Hussein Khetam, Hayek Tony, Yassin Kamel, Fischer Doron, Vlodavsky Eugene, Kra-Oz Zipora, Hamoud Shadi

机构信息

Department of Internal Medicine E, , Rambam Medical Center, Haifa, Israel.

出版信息

Am J Med Sci. 2006 Jan;331(1):40-3. doi: 10.1097/00000441-200601000-00012.

Abstract

A 29-year-old man was admitted with high-grade fever, crampy abdominal pain, and watery diarrhea that had persisted for 2 weeks before his admission. Symptomatic treatment (acetaminophen only) was of no benefit.
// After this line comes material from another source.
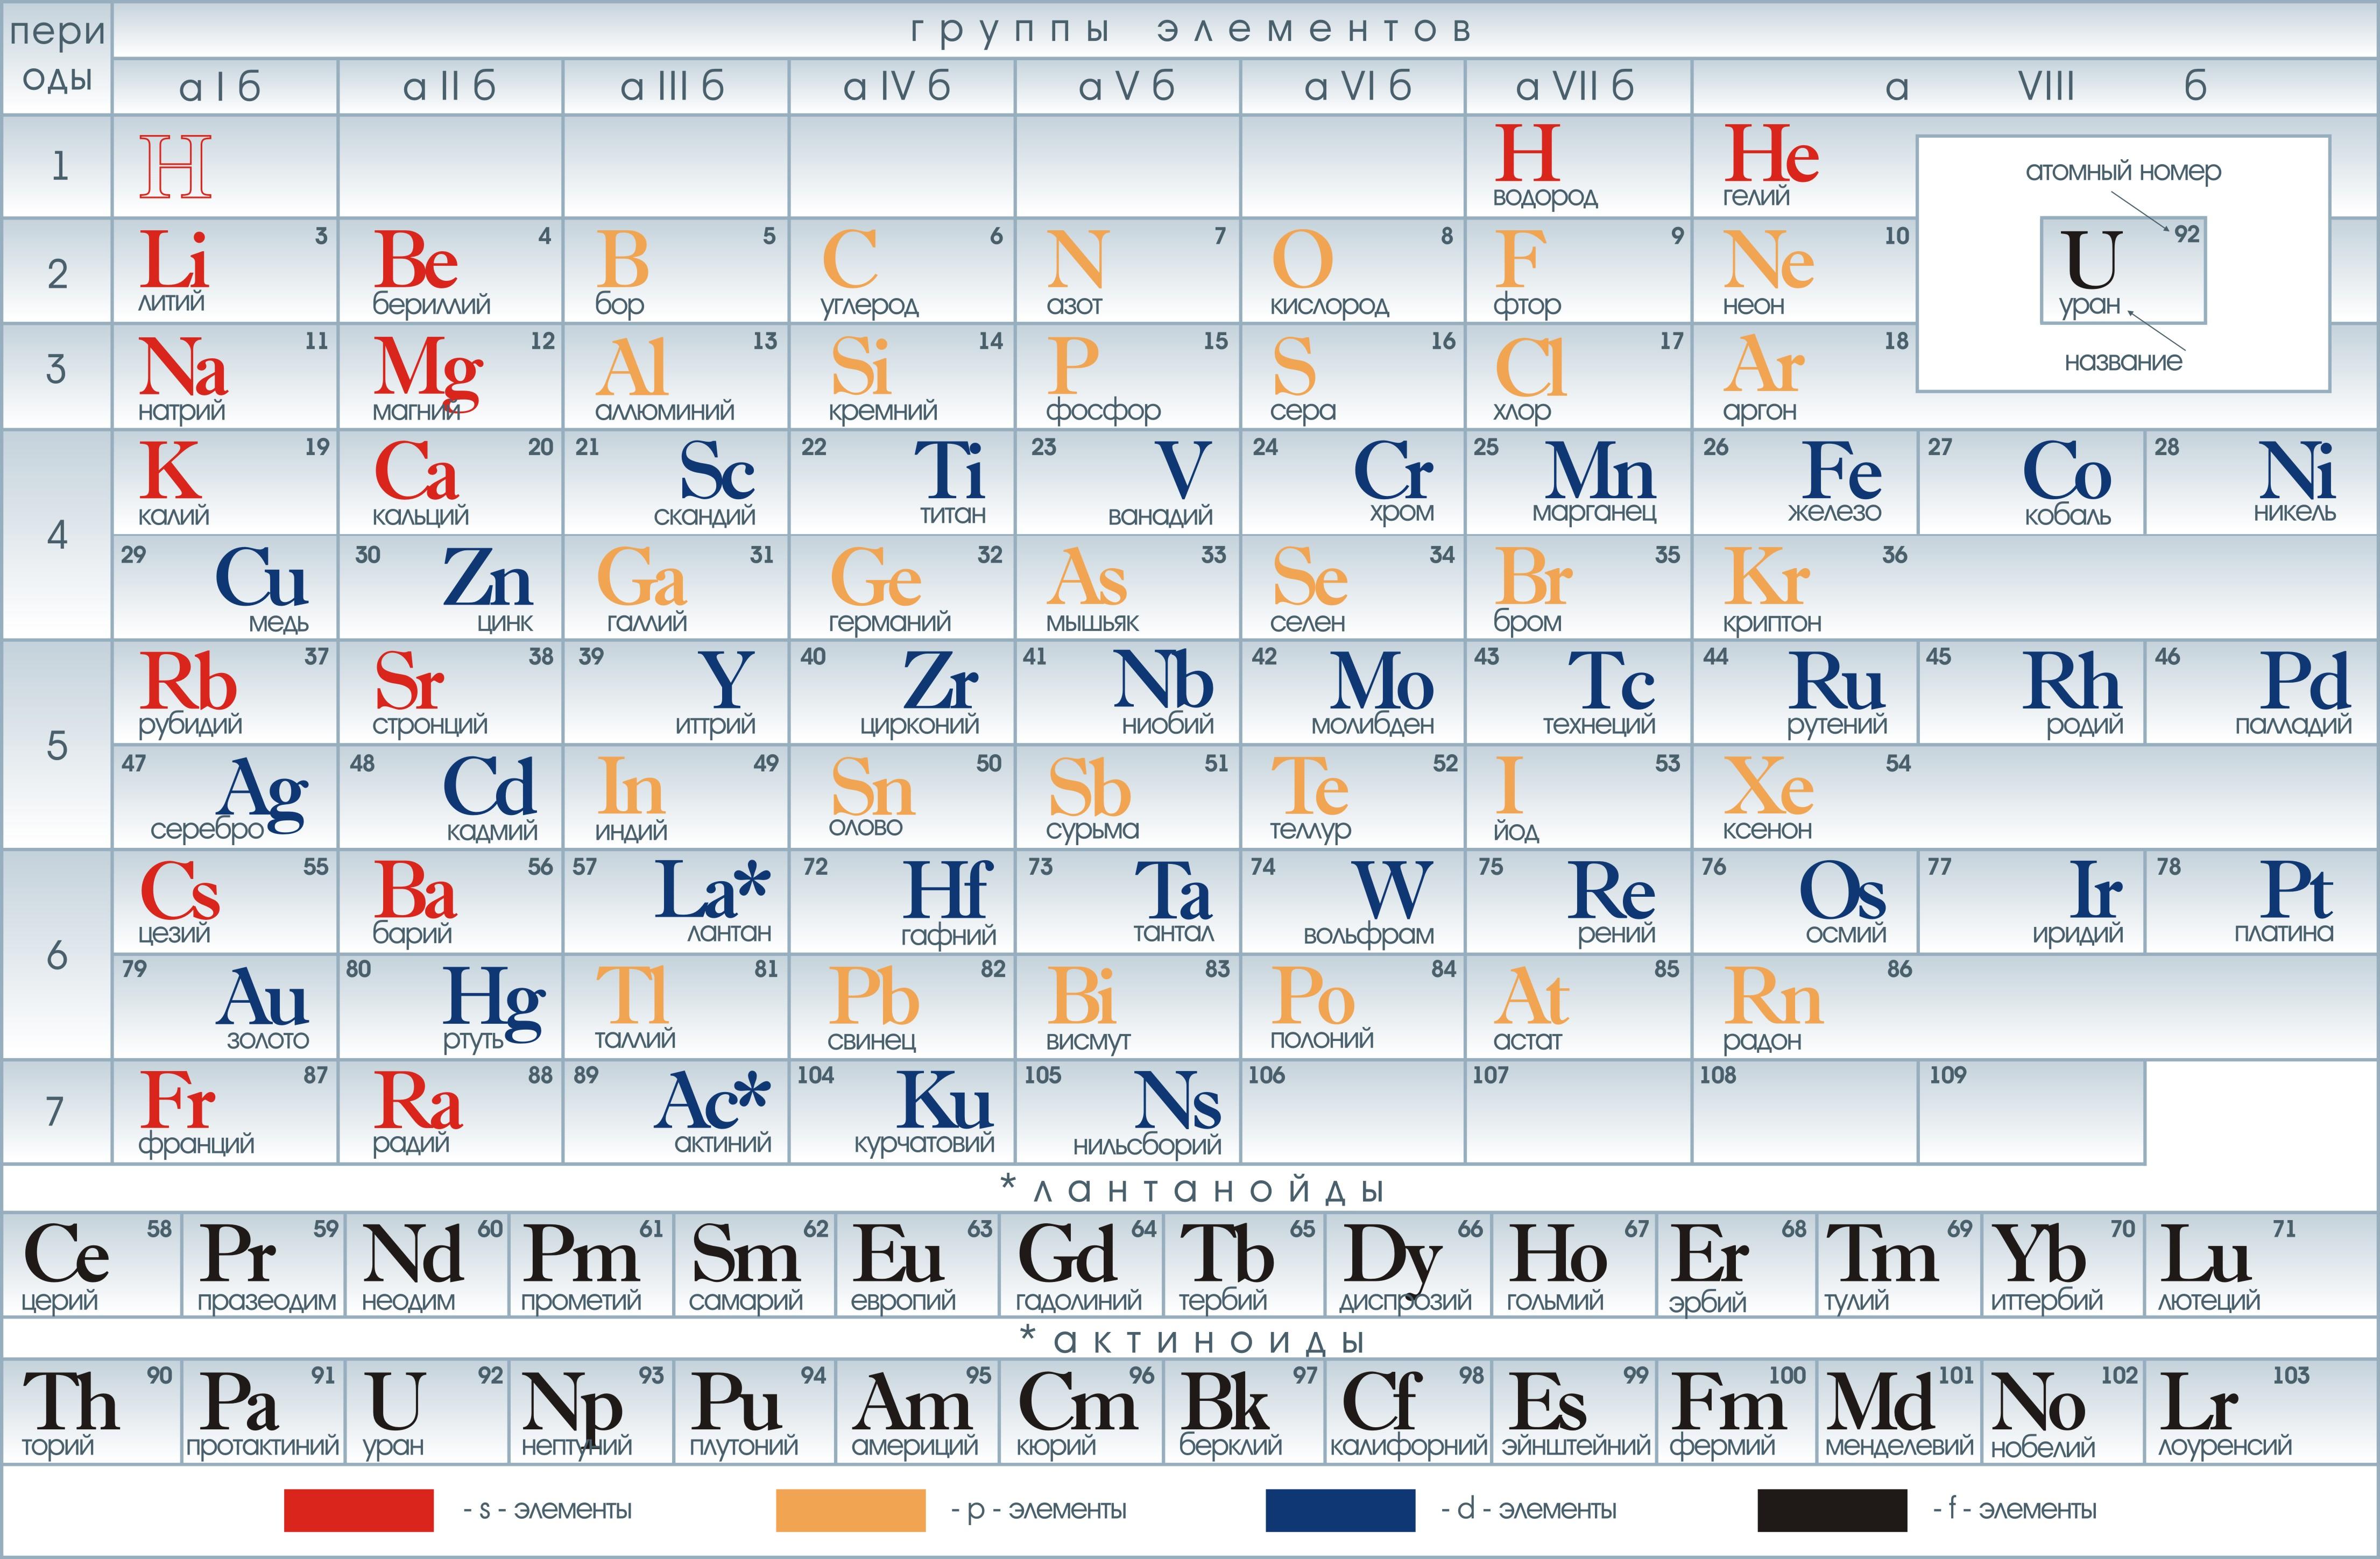 Векторная периодическая таблица химических элементов Д. И. Менделеева.

On physical examination, there was diffuse abdominal tenderness. Laboratory tests showed a leukomoid reaction with atypical lymphocytosis, and serology tests revealed acute cytomegalovirus infection. Abdominal computed tomography and colonoscopy revealed an inflammatory process involving the large intestine. On histologic examinations of intestinal biopsy samples, there was an active inflammation with no inclusion bodies. The patient was treated with ganciclovir with only mild improvement. Adding 5-aminosalicylic acid caused little further improvement. Repeated colonoscopy performed 2 months later showed severe chronic ulcerative colitis. Only the addition of systemic steroids caused complete resolution of the symptoms. On review of the literature (Medline search for cytomegalovirus colitis in immunocompetent patients), 18 cases were found. On follow-up, 10 of these patients were found to have inflammatory bowel disease.

摘要

一名29岁男性因高热、痉挛性腹痛及水样腹泻入院,这些症状在入院前已持续2周。对症治疗(仅用对乙酰氨基酚)无效。体格检查发现全腹压痛。实验室检查显示类白血病反应伴非典型淋巴细胞增多,血清学检查显示急性巨细胞病毒感染。腹部计算机断层扫描和结肠镜检查显示大肠有炎症过程。肠道活检样本的组织学检查显示有活动性炎症,但无包涵体。患者接受更昔洛韦治疗后仅有轻微改善。加用5-氨基水杨酸后改善甚微。2个月后重复结肠镜检查显示为严重慢性溃疡性结肠炎。仅加用全身性类固醇后症状完全缓解。查阅文献(通过医学文献数据库检索免疫功能正常患者的巨细胞病毒性结肠炎),共发现18例。随访发现,其中10例患者患有炎症性肠病。